** Entries provided follows **

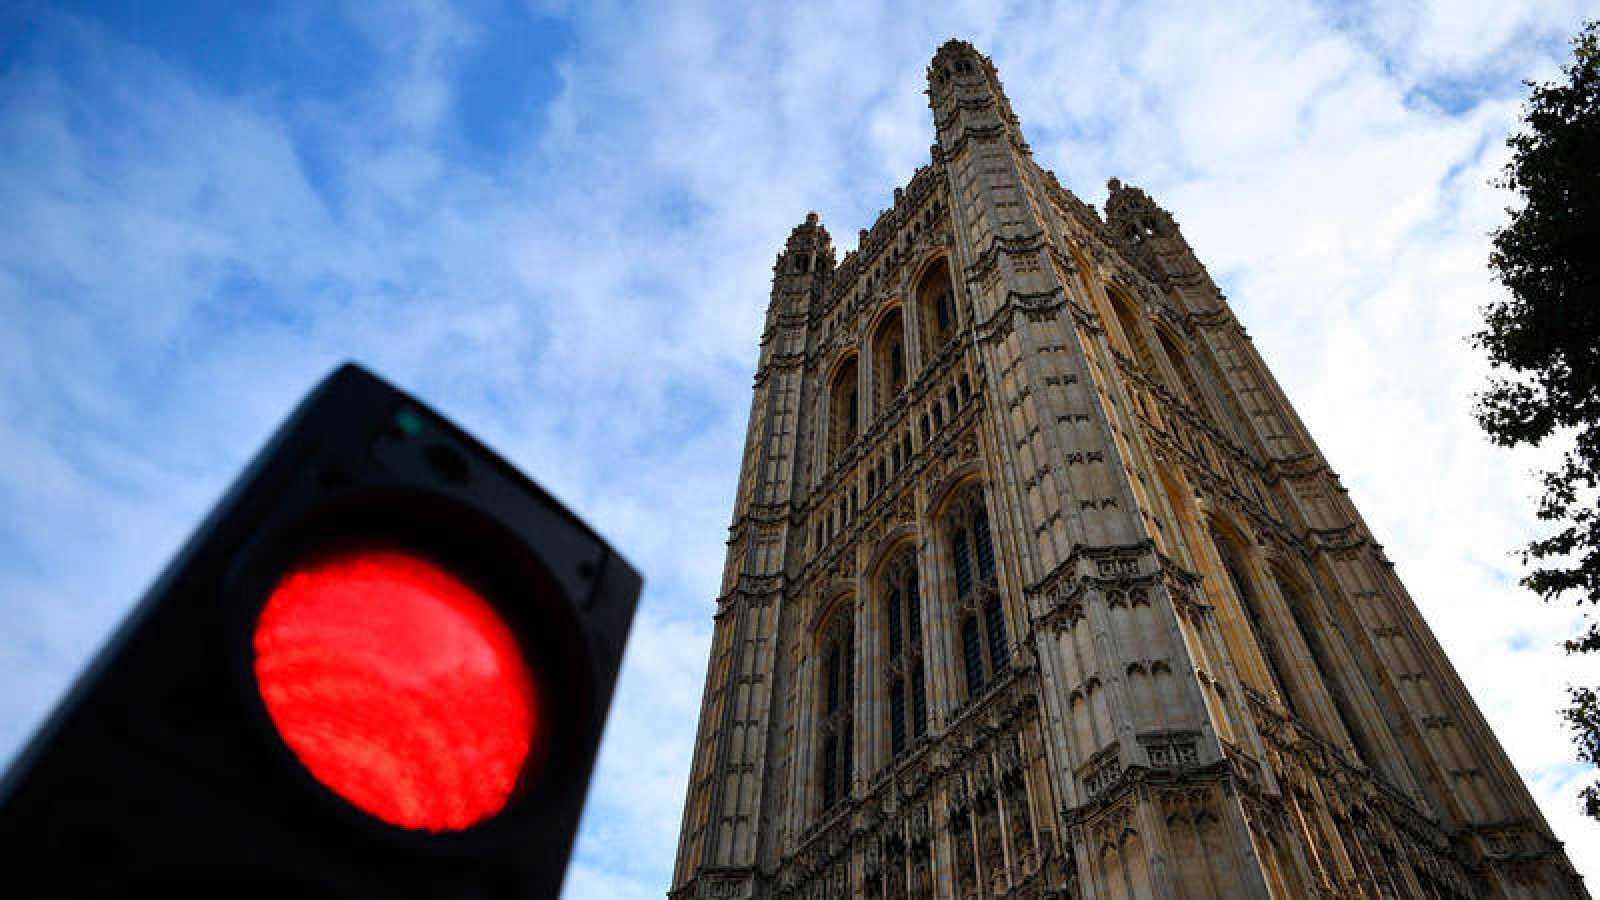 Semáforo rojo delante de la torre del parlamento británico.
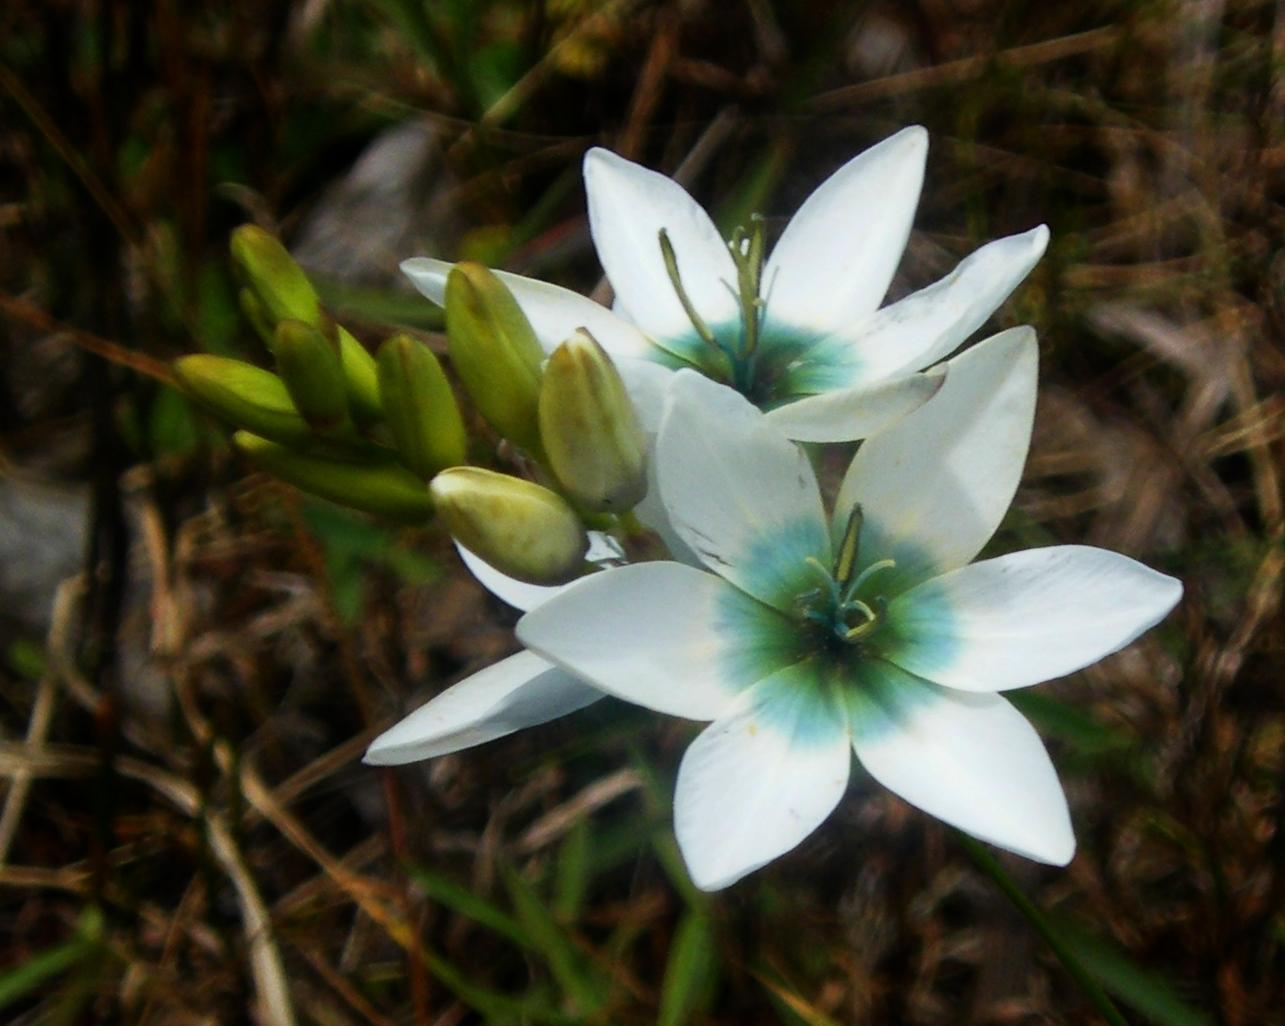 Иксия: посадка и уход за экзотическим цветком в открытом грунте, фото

** End of Entries provided **
** Entries provided follows **

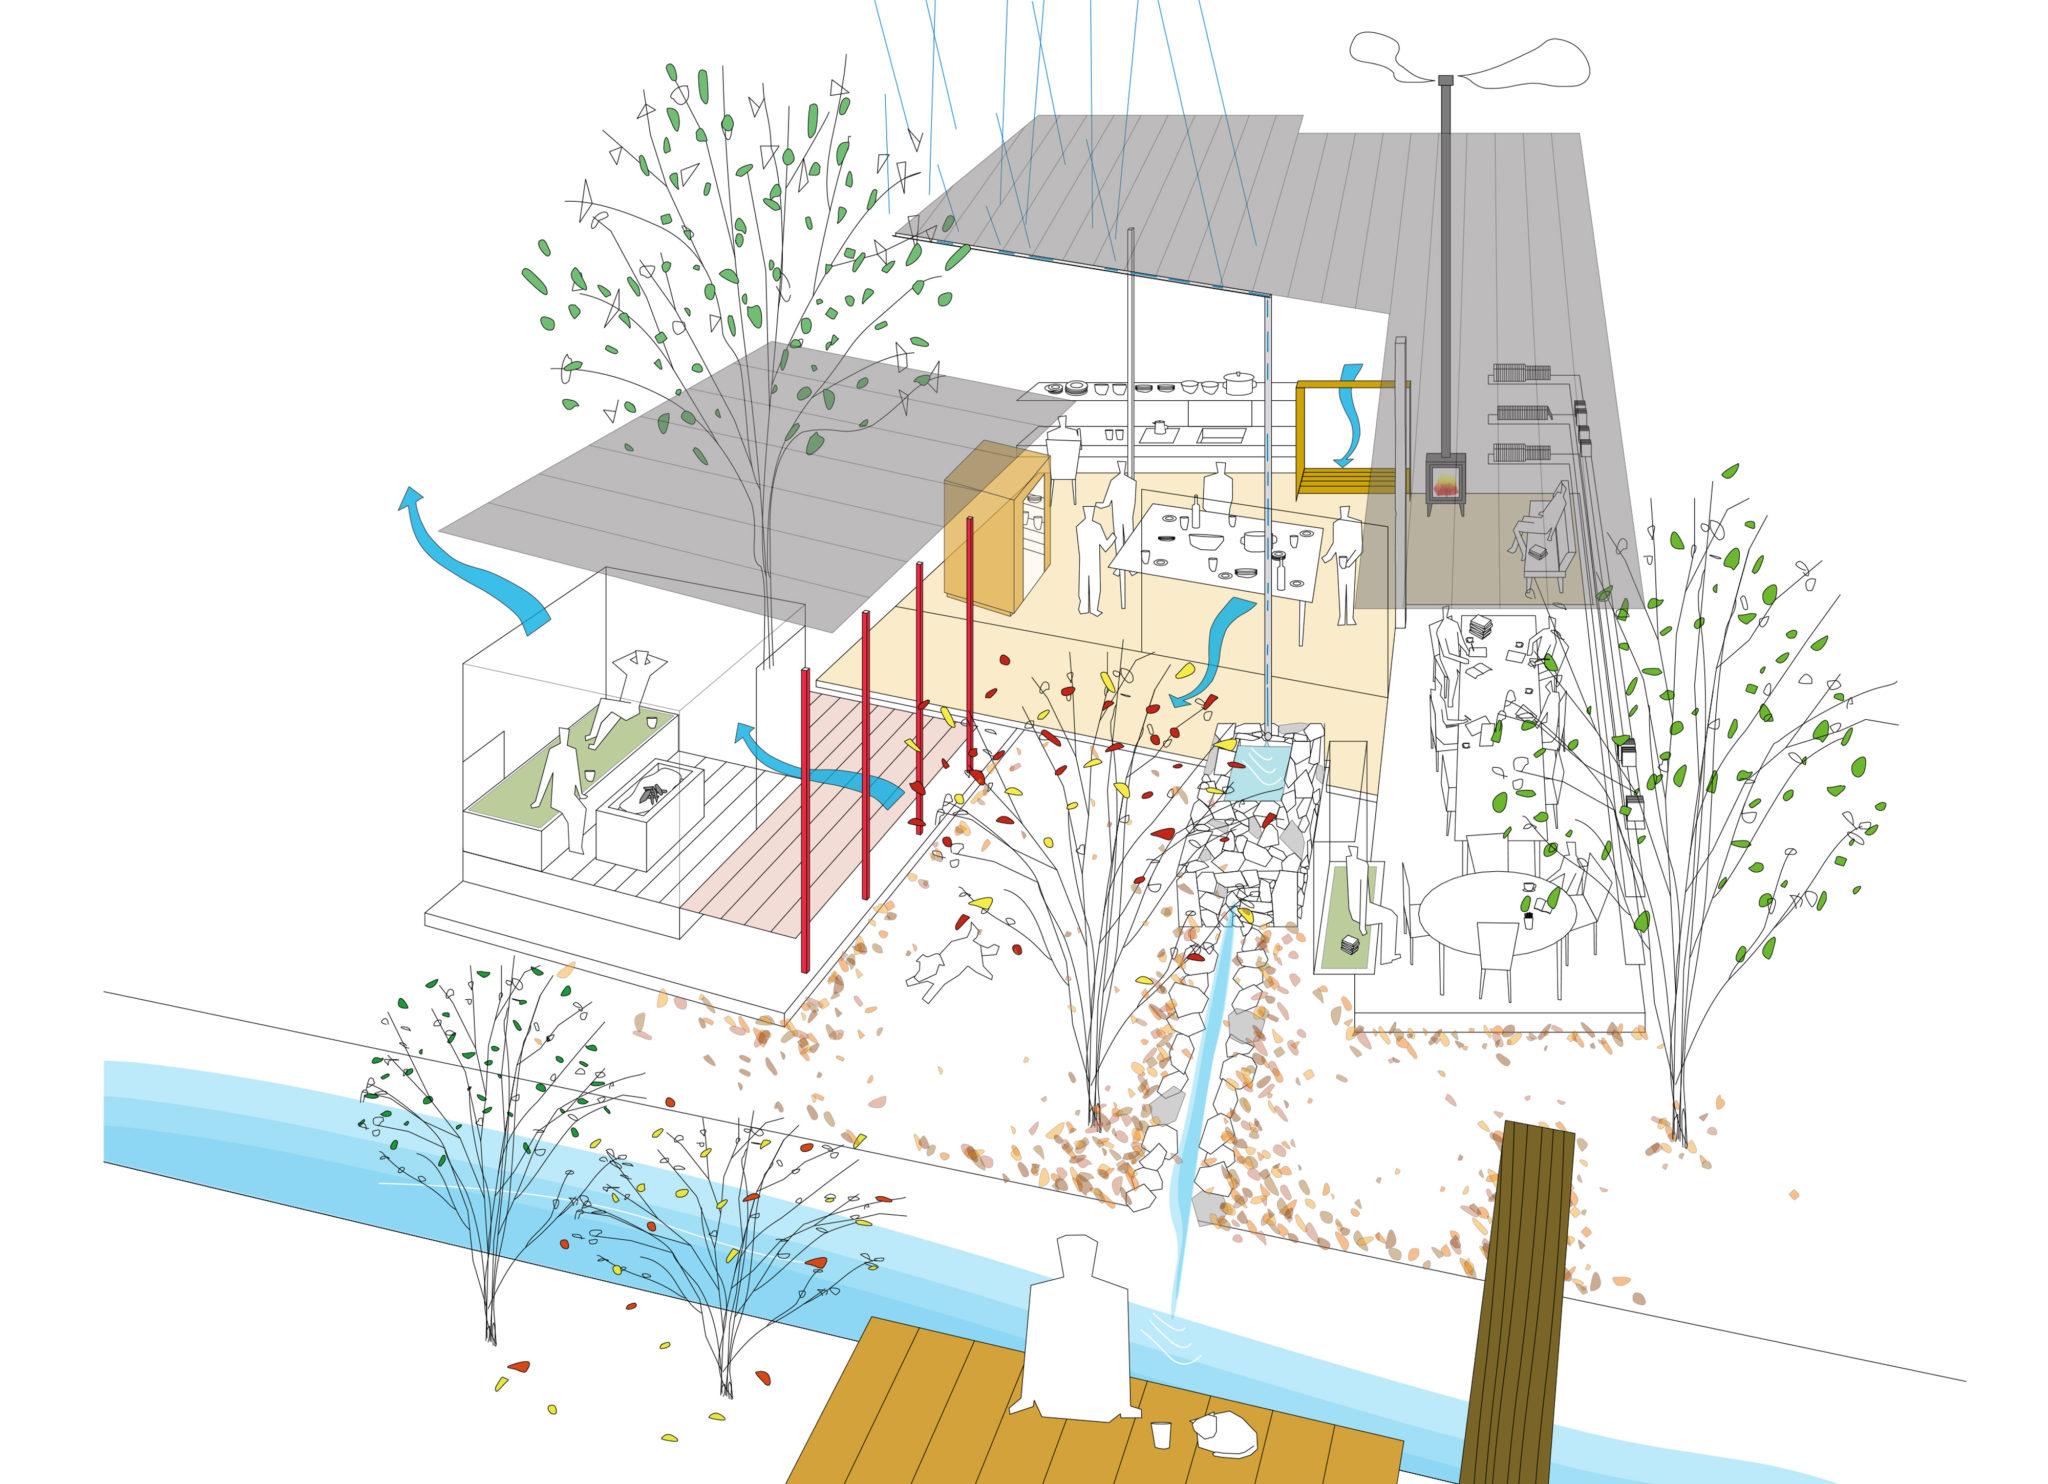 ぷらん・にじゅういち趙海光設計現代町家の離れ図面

** End of Entries provided **

- _Exercise requirements_:
Pictures excluded, reproduce only the part above that opens with the line holding "Semáforo rojo delante" and closes with the line holding "Иксия: посадка и", exactly as written.

- _Reply_:
 Semáforo rojo delante de la torre del parlamento británico.
 Иксия: посадка и уход за экзотическим цветком в открытом грунте, фото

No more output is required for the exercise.